This is the second day of my participation in the August More Text Challenge

The last article judged the performance of an algorithm based on the execution time of the same set of inputs when comparing algorithms. In this case, you still need to write code to test. This method requires that the test code be executed, which is too cumbersome, so the big O notation is used to estimate the performance of the algorithm.

Recursive method for calculating Fibonacci numbers

From the previous article on the calculation of the NTH term of the Fibonacci sequence, now let’s look at how the two algorithms are represented using the big O notation. Finally, we’ll look at how to use the big O notation to show the complexity of the algorithm.

def fib(n):
    if n<=1:
        return n
    else:
        return fib(n-1)+fib(n-2)
Copy the code

The recursive method that computes the NTH term of the Fibonacci sequence will be called multiple times, so let’s take an example

If n=3, it computes fib of 2 plus fib of 1, where fib of 2 computes fib of 1 plus fib of 0, and fib of 1 and fib of 0 return directly.

So when n=3, fib is executed five times:

graph TD
A["fib(3)"]-->B["fib(2)"]
A-->C["fib(1)"]
B-->D["fib(1)"]
B-->E["fib(0)"]

The relationship between n and the number of function calls can be expressed as T(3) = 5

When n is 4, it computes fib of 3 plus fib of 2, where fib of 3 computes fib of 2 plus fib of 1, where fib of 2 computes fib of 1 plus fib of 0, and in the whole function call, there are two fib of 2 calls, and each fib of 2 calls fib of 1 plus fib of 0.

So when n=4, the whole function call will execute as follows:

graph TD
A["fib(4)"]-->B["fib3)"]
B-->F["fib(2)"]
B-->G["fib(1)"]
F-->H["fib(1)"]
F-->I["fib(0)"]
A-->C["fib(2)"]
C-->D["fib(1)"]
C-->E["fib(0)"]

So 1+2+4+2=9 times fib() is called. The relationship between N and the number of function calls can be expressed as T(4) = 9

Let me draw a graph of the number of calls when N is equal to 5.

graph TD
A["fib(5)"]-->B["fib(4)"]
A-->C["fib(3)"]
B-->D["fib(3)"]
B-->E["fib(2)"]
D-->F["fib(2)"]
D-->G["fib(1)"]
F-->H["fib(1)"]
F-->I["fib(0)"]
E-->J["fib(1)"]
E-->K["fib(0)"]
C-->L["fib(2)"]
C-->M["fib(1)"]
L-->N["fib(1)"]
L-->O["fib(0)"]

Count the number of calls to fib() 1+2+4+6+2=15 times

21 + 22 + 23 = 24 to 1

So how do I write this in general terms:

3 – > 3

4 – > 9

5 – > 15

an = 2(N-1)-1

In big O notation :O(2N)

Why do we say that? Let’s say it later.

The time complexity of ordinary loops

Let’s take a look at how many times the normal loop method calls the function.

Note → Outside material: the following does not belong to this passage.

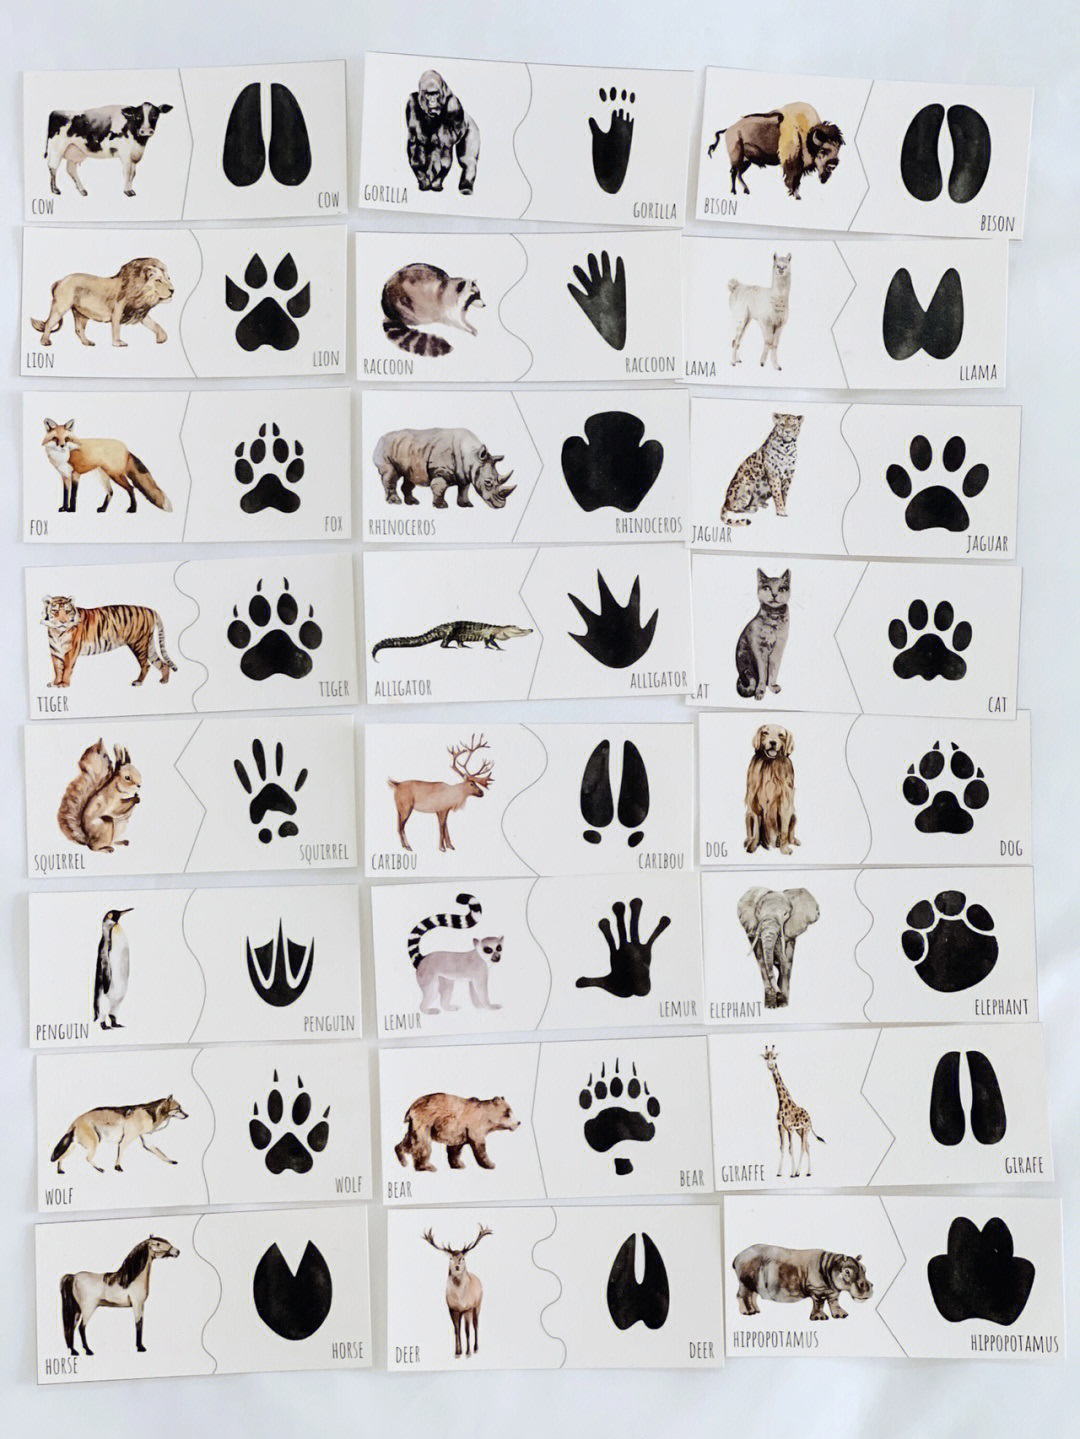 动物的脚印名称和图案图片
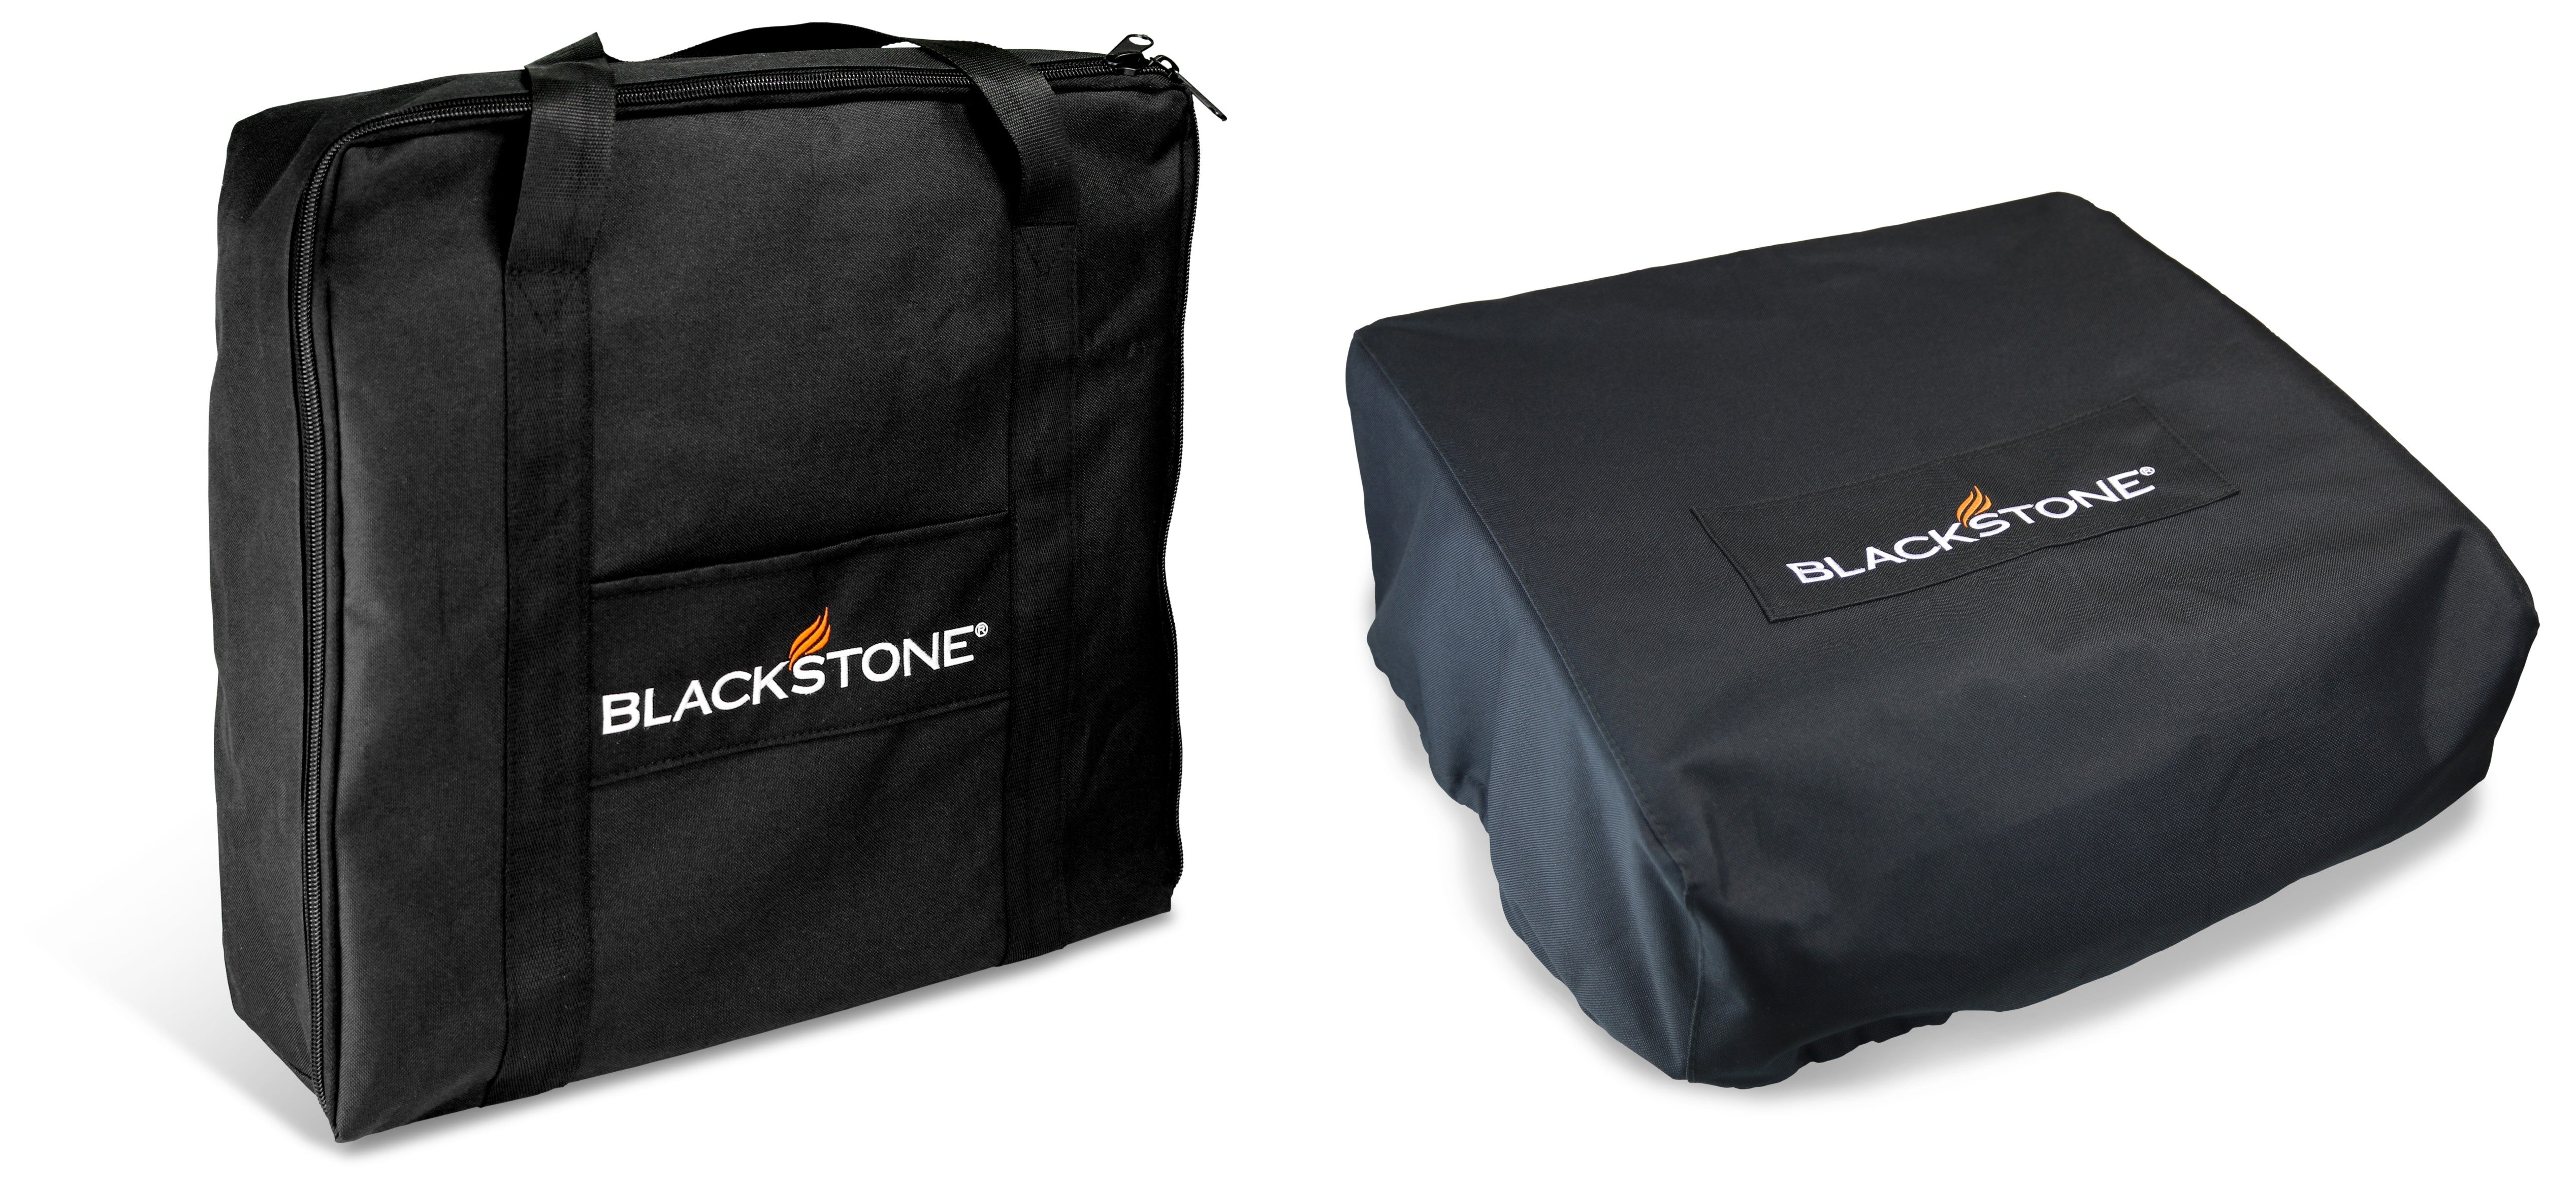 Blackstone 17" Tabletop Griddle Carry Bag - 1720

def fib(n): if n<=1: return n n1 = 0 n2 = 1 for i in range(n-1): Res = n1+n2 n1 = n2 # updates the values of n1 and n2 as the loop continues, n2 = res return resCopy the code

The relationship between n and the number of function calls can be an = n

In big O notation, O(N).

Big O notation

Because the big O notation is a rough estimation of the analysis method, some constants, coefficients, low order parts will be ignored.

For example, in the recursive method an = 2(n-1)-1, 1 is a constant, and the part relative to the power is also the lower order part.

The big O notation is an estimation method, but it indicates the worst case, because the constant, low order, and coefficient parts are negligible when the input parameter is as large as possible.

conclusion

Common time complexity notation, from fast to slow:

  • O(1)

  • O(log n)

  • O(n)

  • O(n * log n)

  • O(2N)

  • O(n!)

    Corresponding intuitive change curve:

As the input parameter becomes larger, the time consumed becomes longer. It can be seen that the change curve of O(log n) is the slowest among the five change curves except for O(1).